Ipilimumab or High-Dose Interferon Alfa-2b in Treating Patients with High-Risk Stage III-IV Melanoma that has been Removed by Surgery
This randomized phase III trial studies ipilimumab to see how well it works compared to high-dose interferon alfa-2b in treating patients with high-risk stage III-IV melanoma that has been removed by surgery. Monoclonal antibodies, such as ipilimumab, may interfere with the ability of tumor cells to grow and spread. Interferon alfa-2b may interfere with the growth of tumor cells and slow the growth of melanoma and other cancers. It is not yet known whether ipilimumab is more effective than interferon alfa-2b in treating patients with melanoma.

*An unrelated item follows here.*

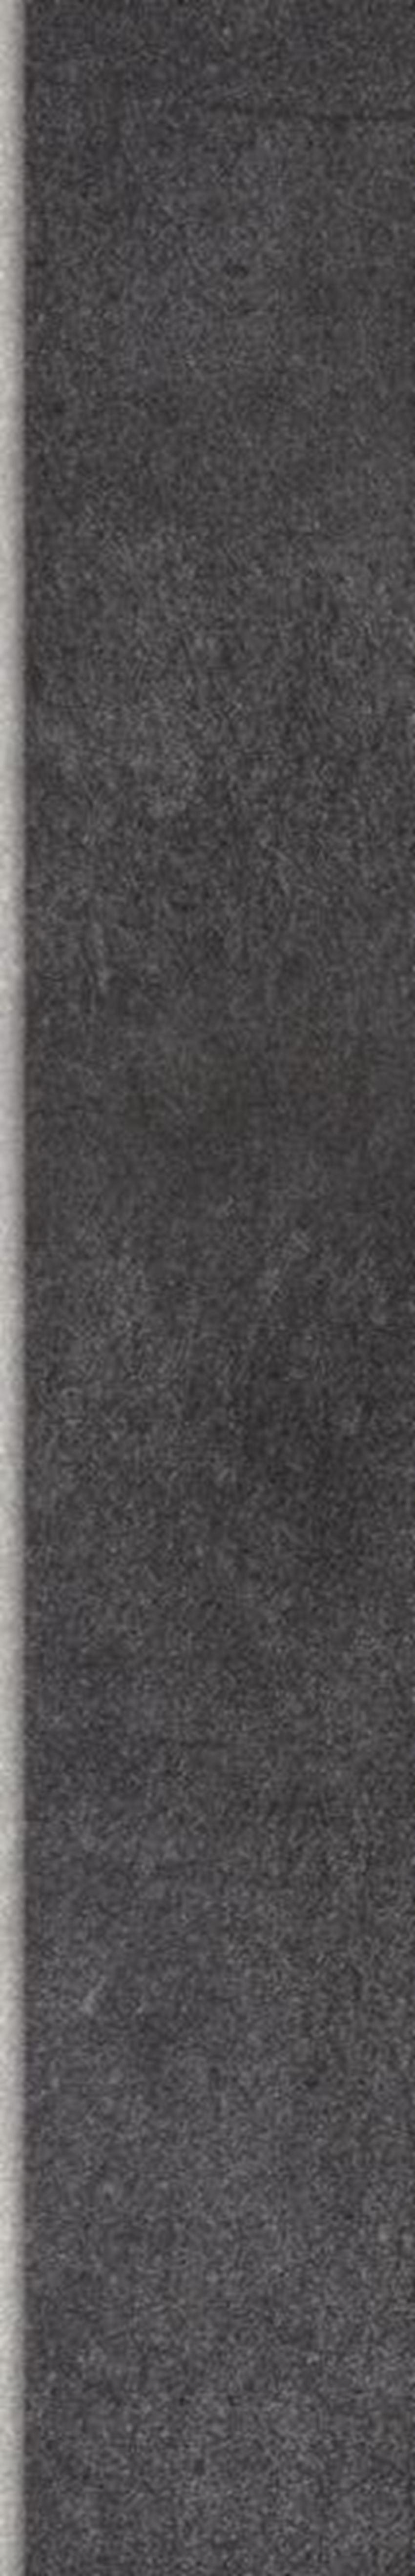 Płytka cokołowa 7,2x44,8 cm  Paradyż Taranto Grafit Cokół Mat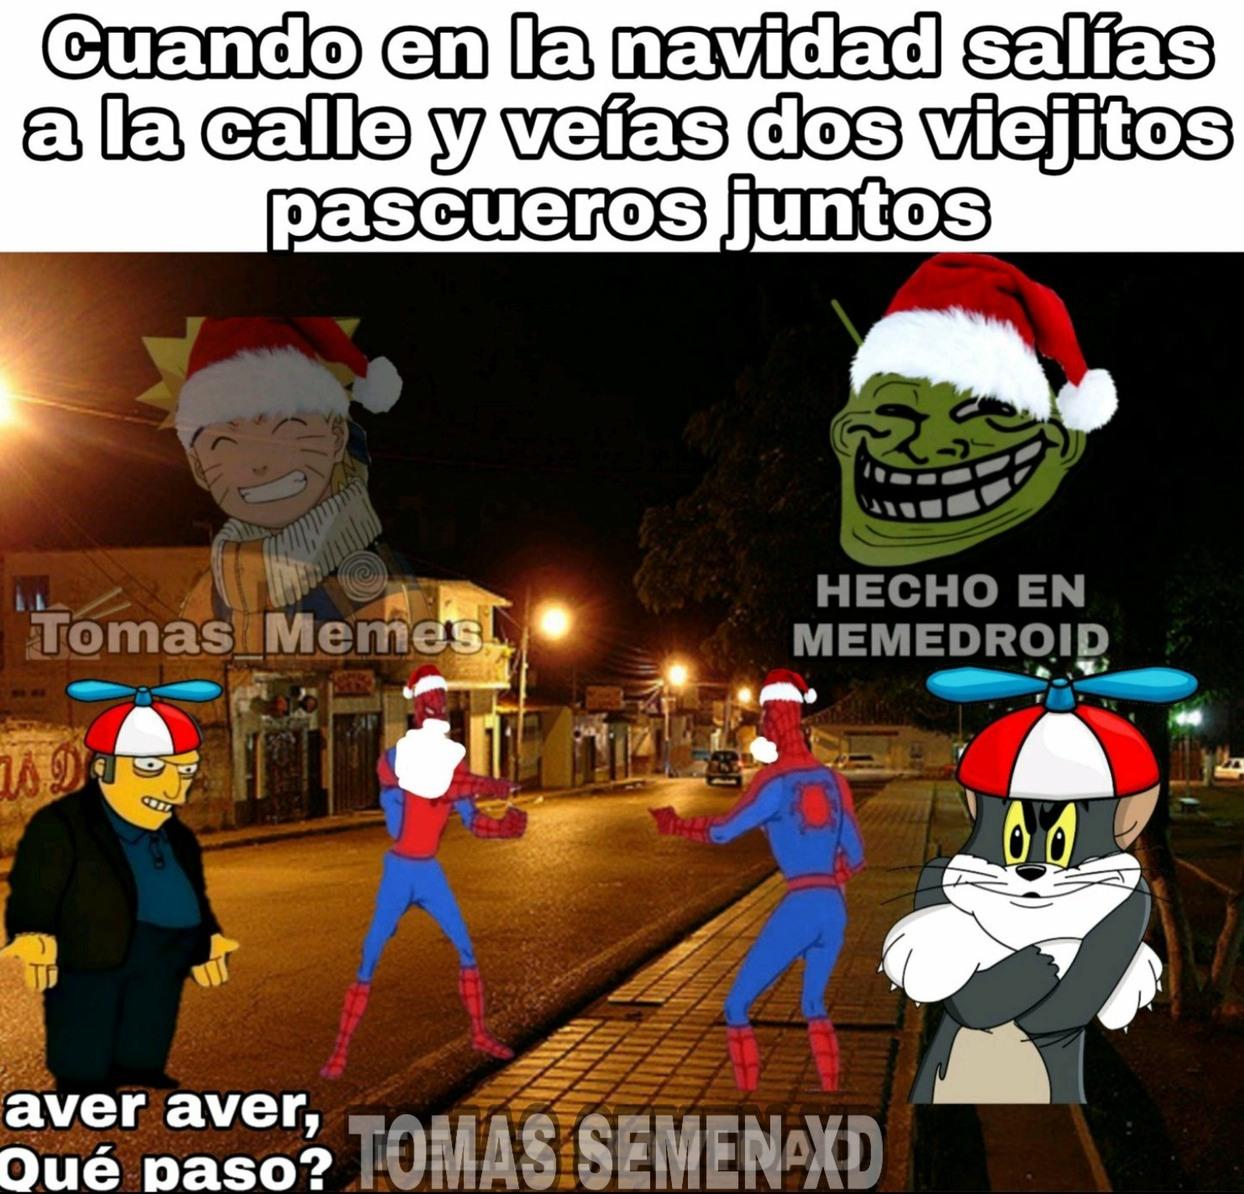 TOMAS SEMEN XDDDDDD - meme

Chemotherapy is used to treat metastatic melanoma that has spread outside its site of origin. Various chemotherapy drugs may be administered by pills or injections in cycles of perhaps three or four days, followed by weeks without chemotherapy. Because chemotherapy drugs are toxic to healthy blood cells as well as cancerous cells, blood cell counts are monitored. Side effects include severe flu-like symptoms such as nausea, fatigue, and infection.
Isolated Limb Perfusion
If the spread of melanoma is limited to an arm or leg only, isolated limb perfusion or ILP may be used to give very high doses of chemotherapy to the cells in the limb while protecting the rest of the body. A tourniquet is applied to the limb, and a chemotherapy drug is pumped into the blood through the artery by means of a tube. A second tube is used to drain the blood into a machine, where it is processed by a machine and returned to the limb. Eventually the drug is completely removed.